§ Work to be completed: Begin with the line that holds "世界に1つだけの腕時計 – timberdy" and retype through the last line of the listing below, exactly; pictures are not part of the copy.

§ Data section:
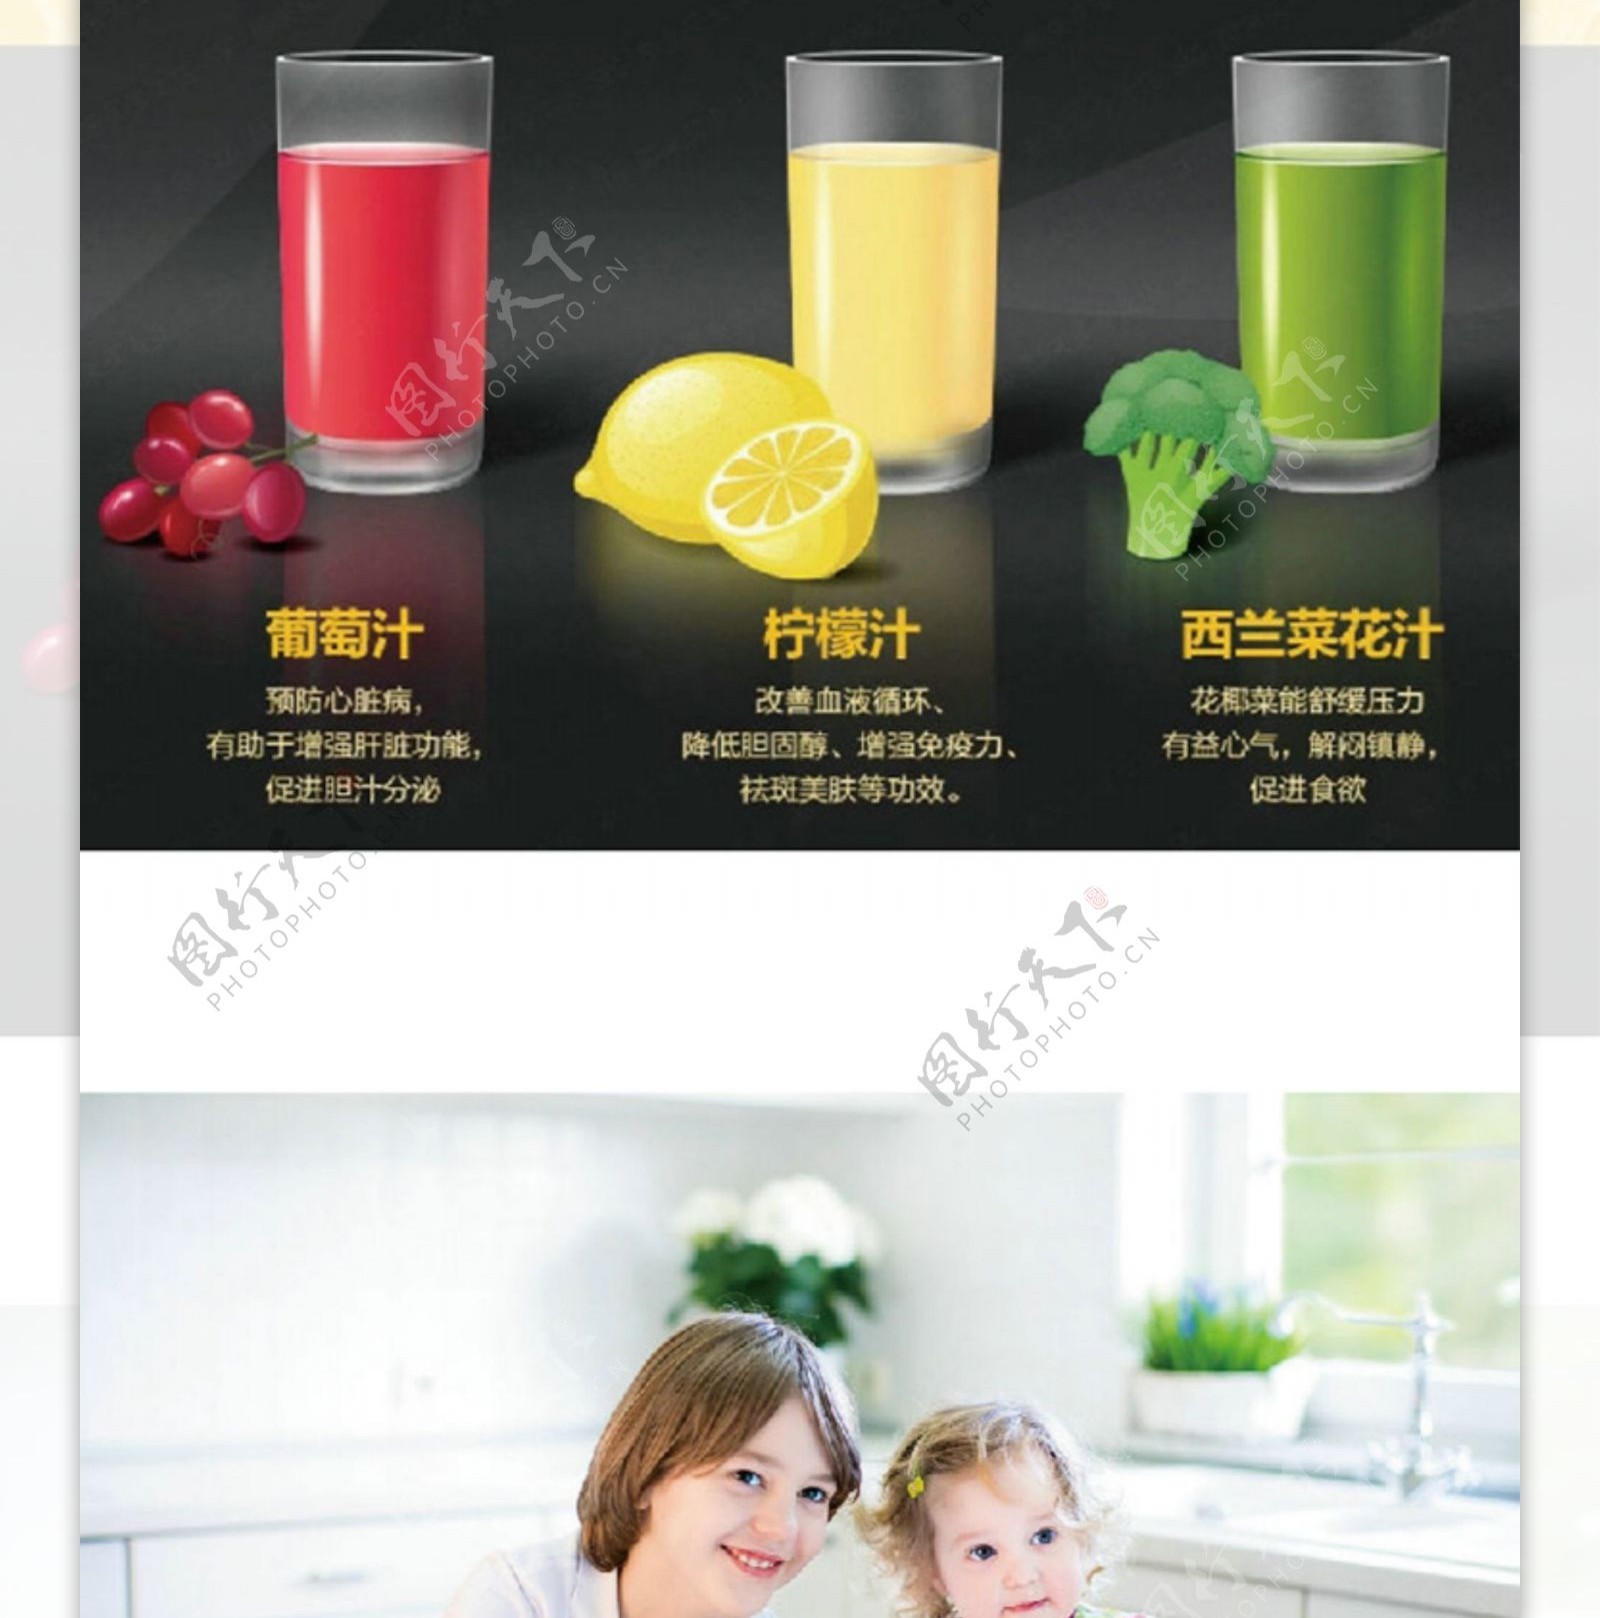 榨汁机原汁机微信公众平台广告宣传图案例
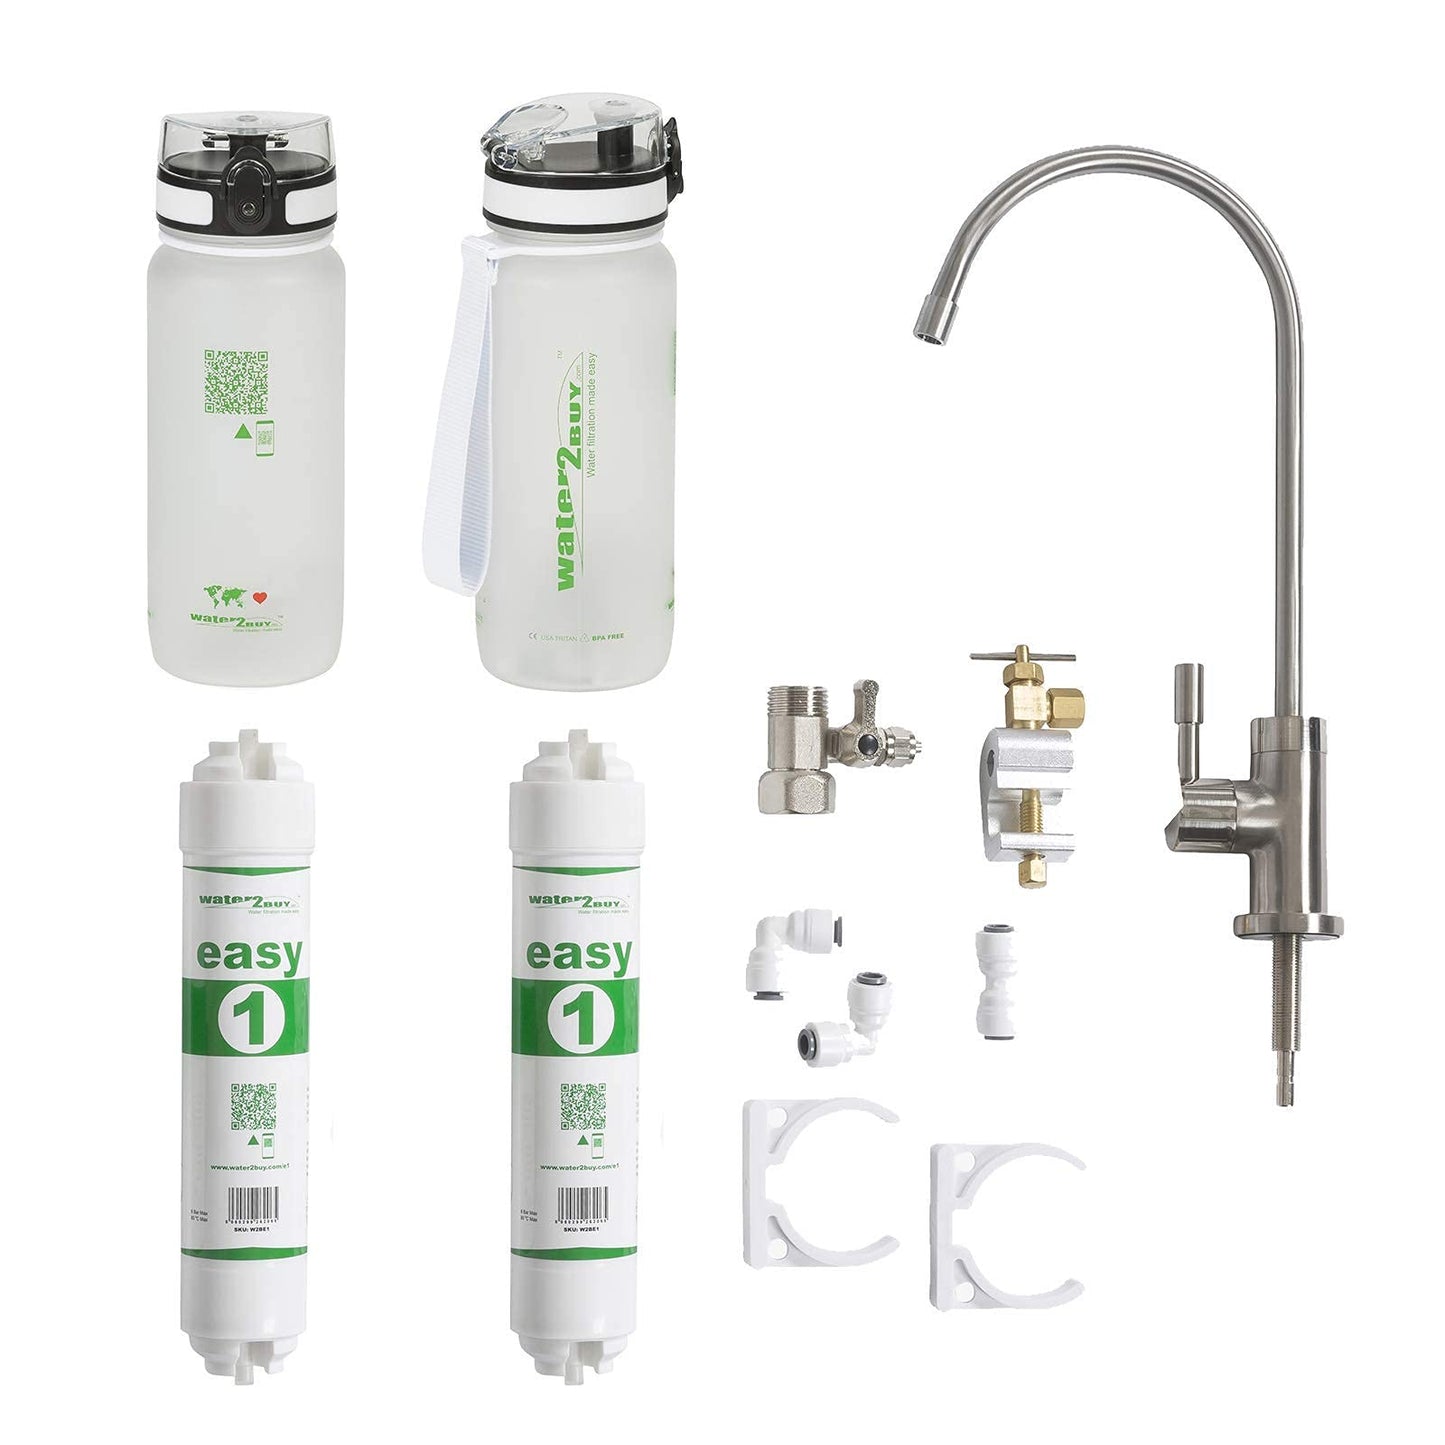 Easy1 Wasserfiltersystem mit 2 Wasserflaschen, liefert 6.000 l sauberes Wasser für 6–12 Monate, NSF/FDS/ISO 9001 und 14001 zertifiziert, Untertisch-Wasserfilter-Wasserhahn, einfaches DIY-Kit-Modell
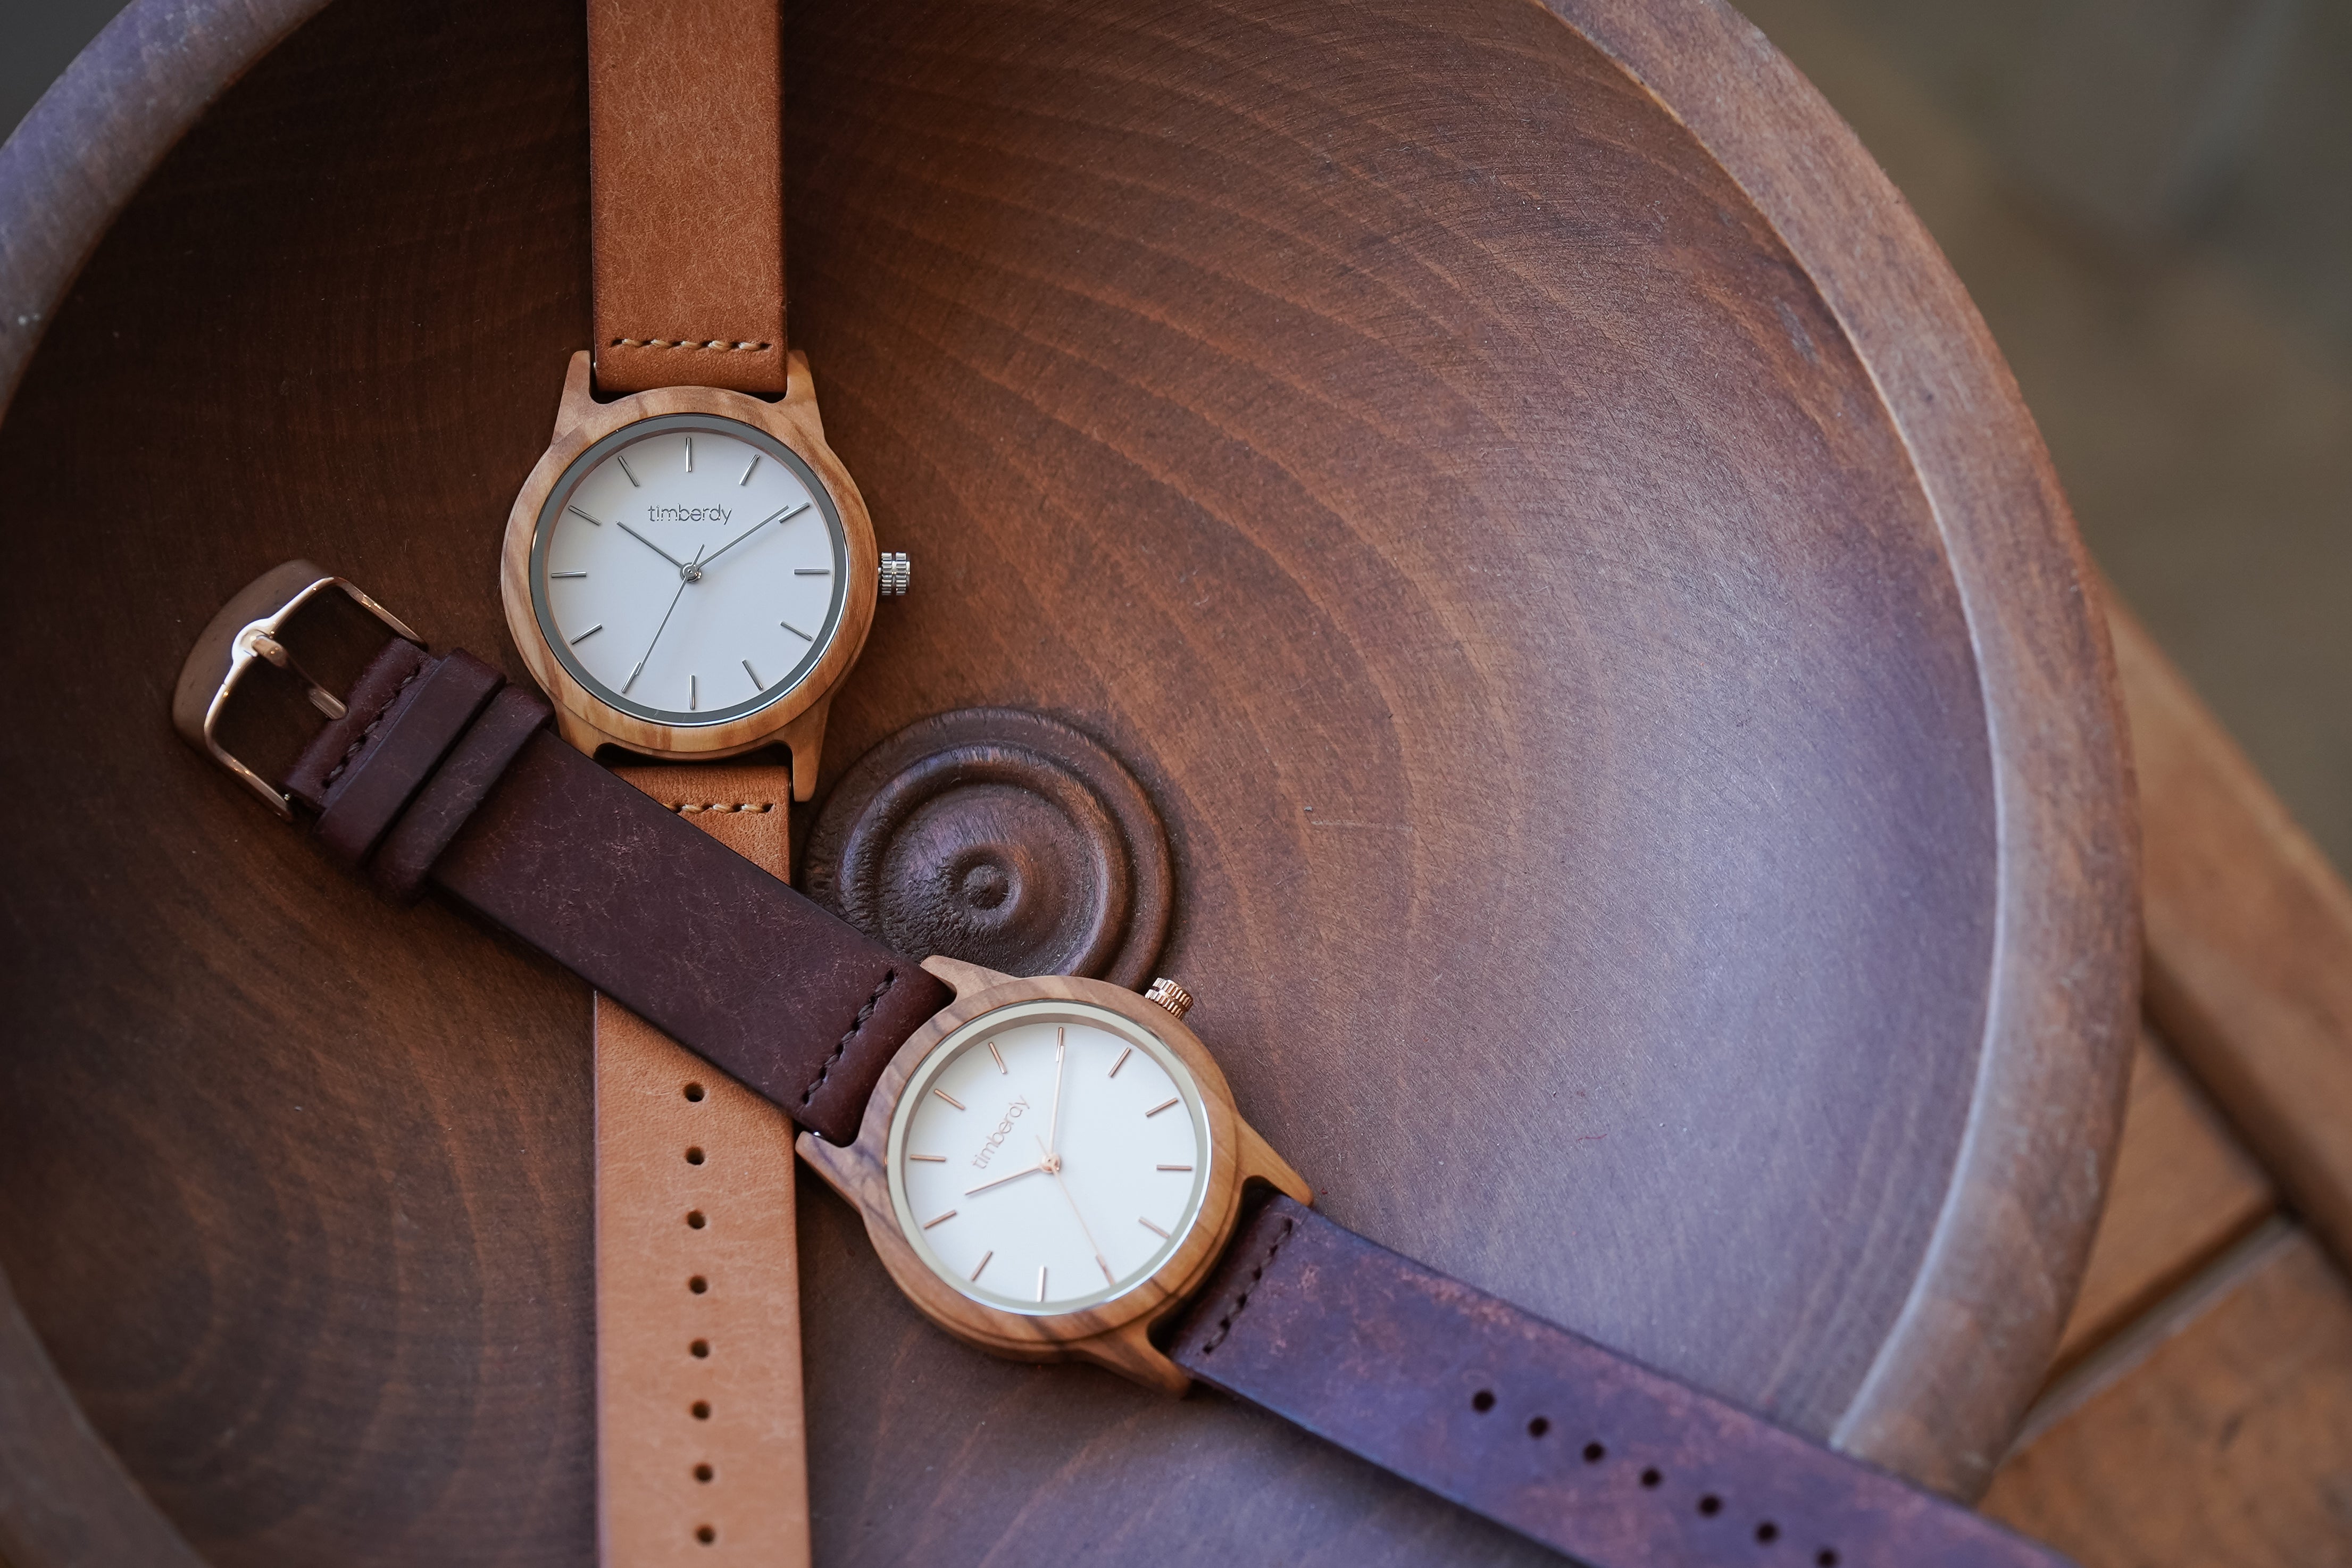 世界に1つだけの腕時計 – timberdy
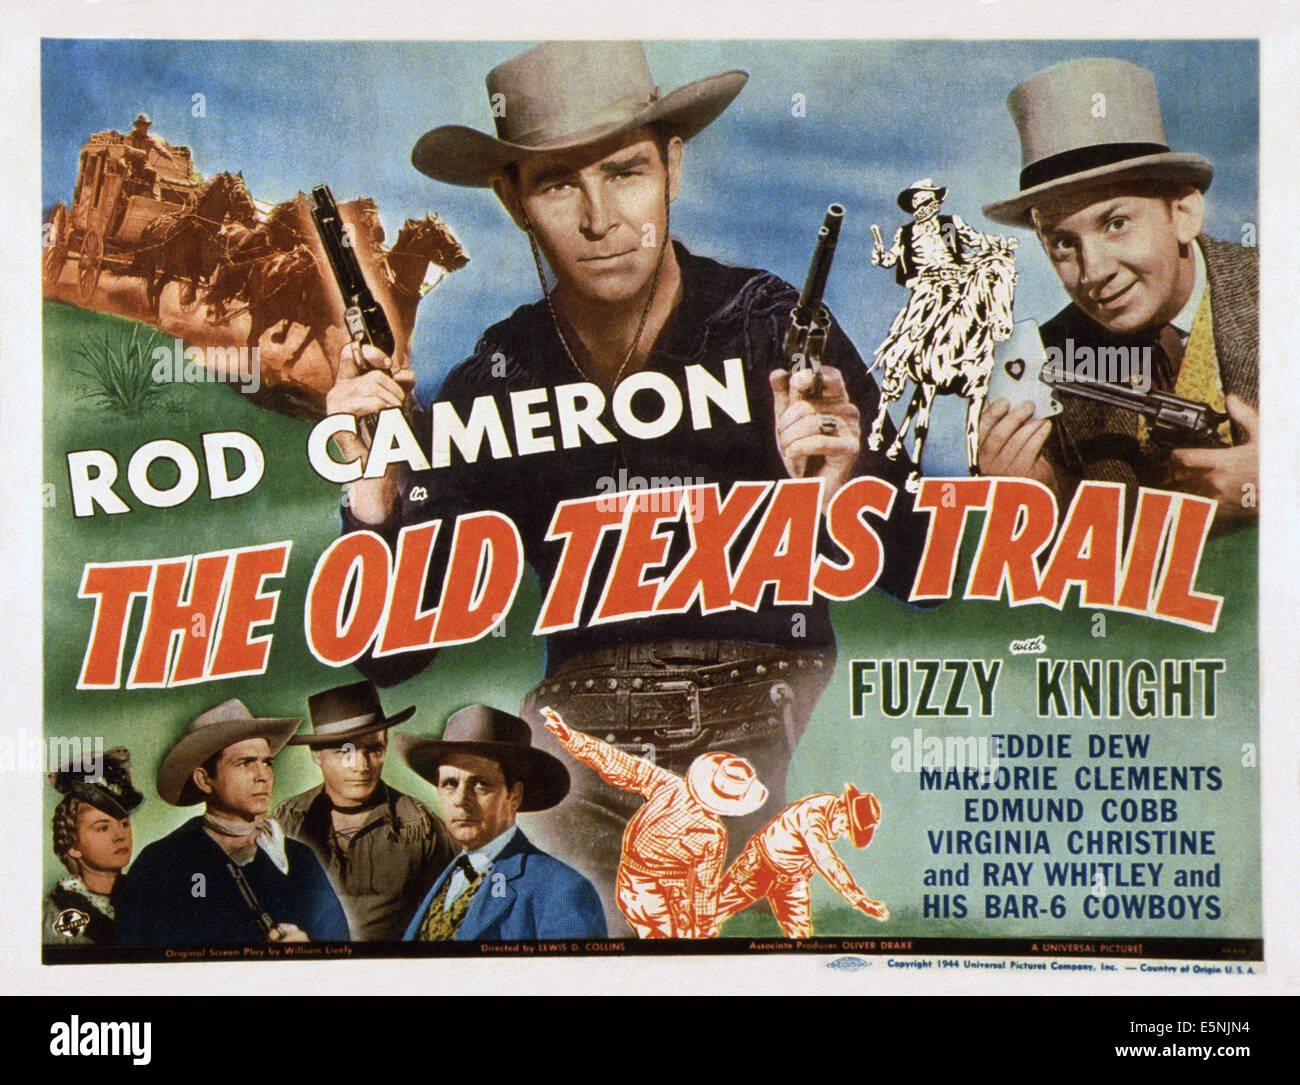 L'ancien sentier du Texas, US lobbycard, Rod Cameron (centre), Fuzzy Knight (En haut à droite), 1944 Banque D'Images

§ Solution to the problem:
 世界に1つだけの腕時計 – timberdy
 L'ancien sentier du Texas, US lobbycard, Rod Cameron (centre), Fuzzy Knight (En haut à droite), 1944 Banque D'Images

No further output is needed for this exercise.